A couple of colorful tax strategy monikers have emerged to describe the elaborate steps that Google and other companies employ to shift their U.S. tax burden overseas.

The Mountain View, Calif., search giant makes use of entities in Ireland and the Netherlands to shift its income around the world, much like the way Internet traffic can now be moved easily to servers across the globe to make it move faster. Such transfer pricing methods have become increasingly routine as companies seek to avoid U.S. corporate income tax rates that can be as high as 35 percent, but are oftentimes effectively much lower in practice. Google avoided $3.1 billion in U.S. taxes as a result of its income-shifting tax strategies in the past three years, lowering its effective tax rate to 2.4 percent.

The so-called Double Irish strategy used by Google involves licensing the foreign rights to its intellectual property to the low-tax country of Ireland, according to an illuminating investigation by Jesse Drucker of Bloomberg.com. Google Irish Holdings has the rights to Google’s search and advertising technology in Europe, the Middle East and Africa. The double part comes in because Google actually has a second Irish company called Google Ireland Limited, which is managed in Bermuda by a law firm there to avoid paying much in Irish taxes either. In between Ireland and Bermuda is another entity in the Netherlands. Hence the Dutch Sandwich.

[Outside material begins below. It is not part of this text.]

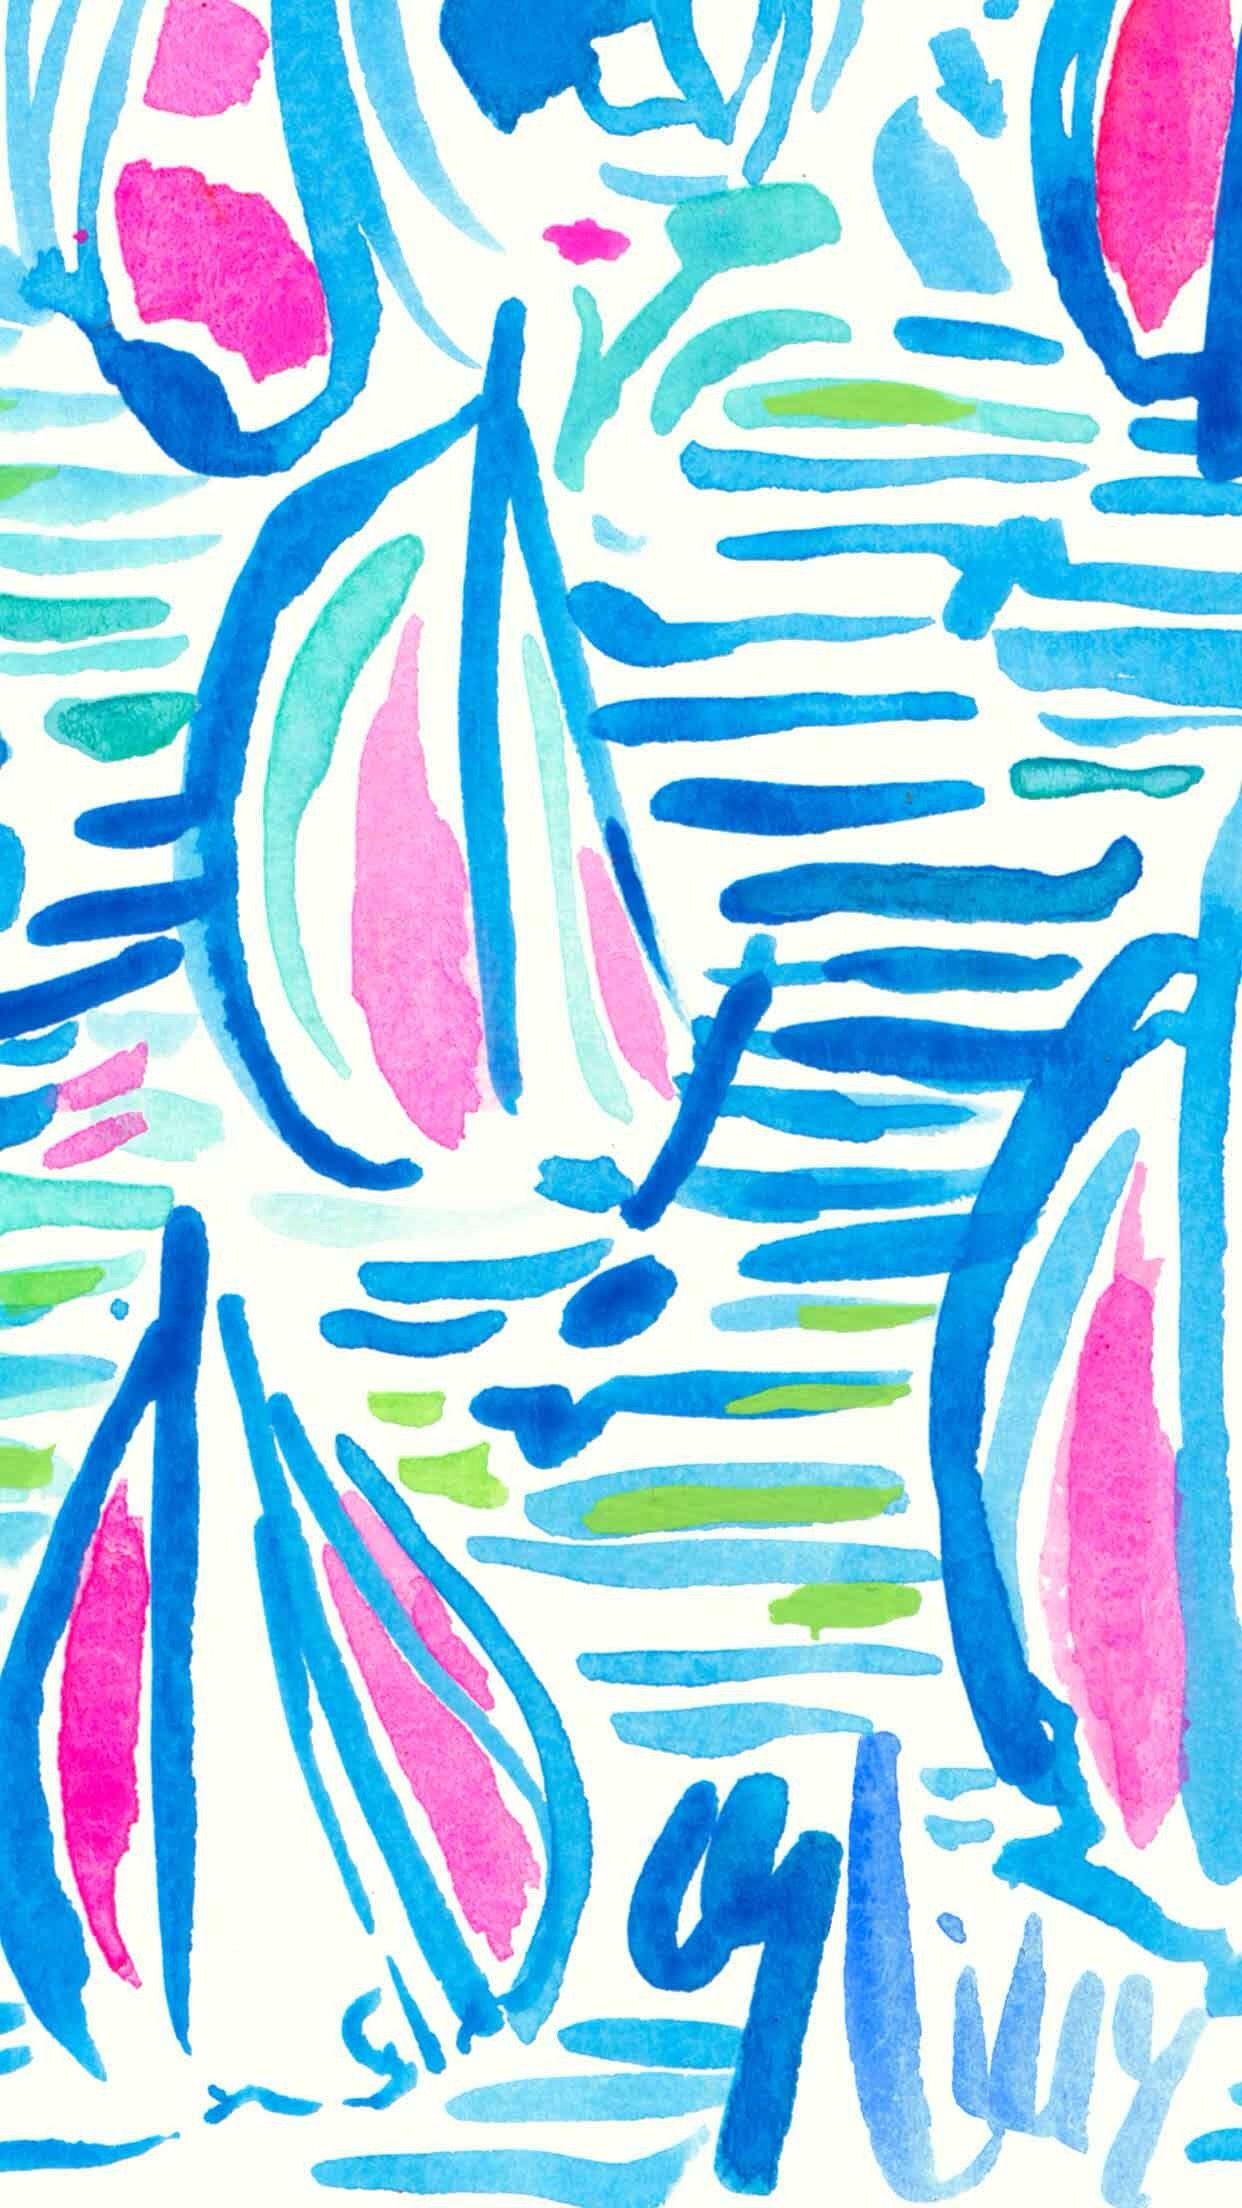 Fullsize Of Lilly Pulitzer Wallpaper

Google received the IRS’s blessing on the arrangement in 2006 after three years of negotiation and a secret advanced pricing agreement, according to Bloomberg. The search king isn’t the only company using the Double Irish strategy. Microsoft has also employed it, as well as drug maker Forest Laboratories. Facebook is reportedly setting up such a tax structure as well. Expect to see the social networking giant making some new friend requests in Ireland and the Cayman Islands.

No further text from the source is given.